In general, landmark processing begins by analyzing the audio signal 106 into several broad frequency bands. First, an energy waveform is constructed in each of the bands. Then the rate of rise (or fall) of the energy is computed, and peaks in the rate are detected. These peaks therefore represent times of abrupt spectral change in the bands. In addition, a periodicity detection algorithm may provide information regarding laryngeal vibration. This is referred to variously in literature as vocal fold vibration, glottal vibration, phonation, or voicing.
The next processing stage after detection of abrupt changes is to group them into landmarks. Large, abrupt energy increases or decreases that occur simultaneously across several of the bands are first noted, and then interpreted with respect to the timing of the voicing band. When too few bands show large, simultaneous changes in energy, the processor does not register a landmark. When all bands show large, simultaneous energy increases immediately before the onset of voicing, the processor identifies a +b (burst) landmark. When all bands show large, simultaneous energy increases during ongoing voicing, the processor identifies a +s (syllabic) landmark. Particular types of consonants in the signal can be identified as particular sets of simultaneous peaks in several bands. This is the way landmark analysis is used in speech recognition applications.
Because it detects only changes in the acoustic signal, the Landmark system makes no overt reference to particular sound sequences, words, or sentences. For example, the words “aah,” “bah,” “bat,” and “batch” would have the same representation in landmark clusters as the words “ooh,” “go,” “grit,” and “that's,” respectively. Note that syllables of the same duration may have different numbers of landmarks.

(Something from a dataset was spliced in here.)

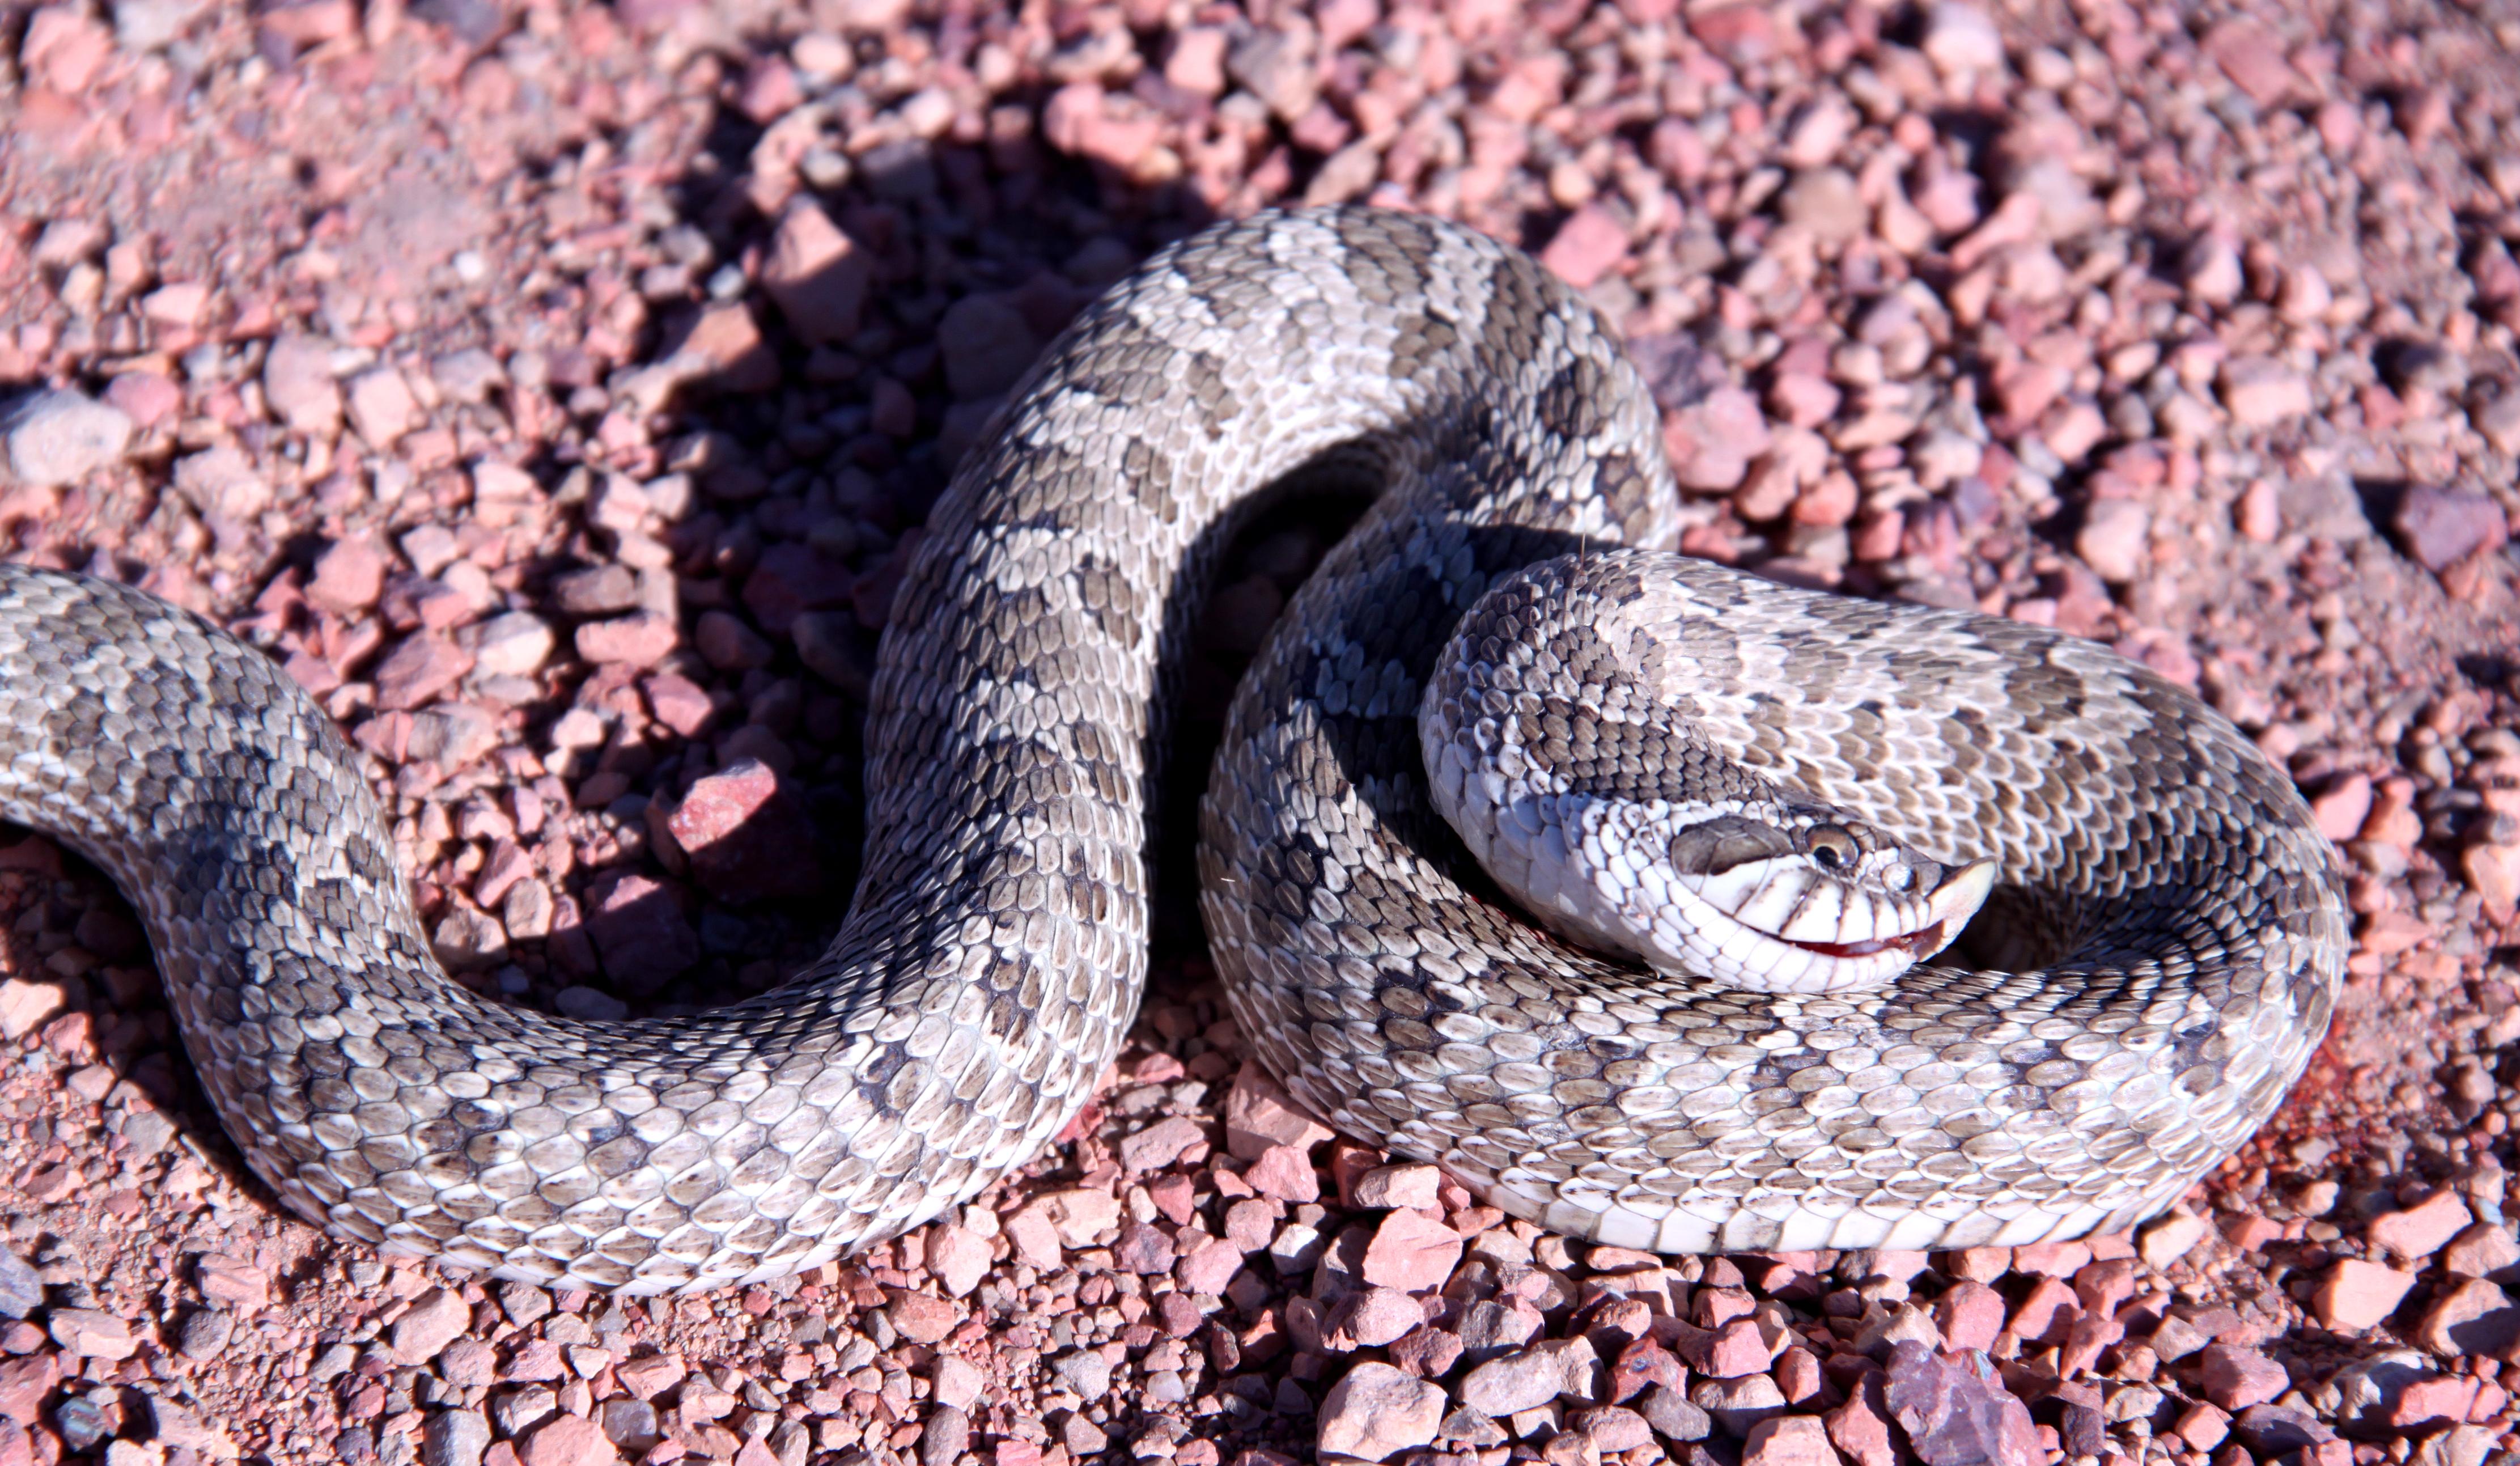 Western hognose snake, Thunder Basin National Grassland

The output of the initial landmark processing is a table indicating the number of times a particular syllabic cluster type occurred in the speech sample. The landmark processing system may also categorize the number of utterances, e.g., into groups of syllable clusters separated by approximately 350 ms of silence.
The physiological state identifier 108 may identify any of a variety of physiological states. For example, the physiological state identifier 108 may identify an estimate of the amount of time the speaker 102 has been without sleep (step 208). As yet another example, the physiological state identifier 108 may identify an estimate of whether the person 102 is in a fatigued state.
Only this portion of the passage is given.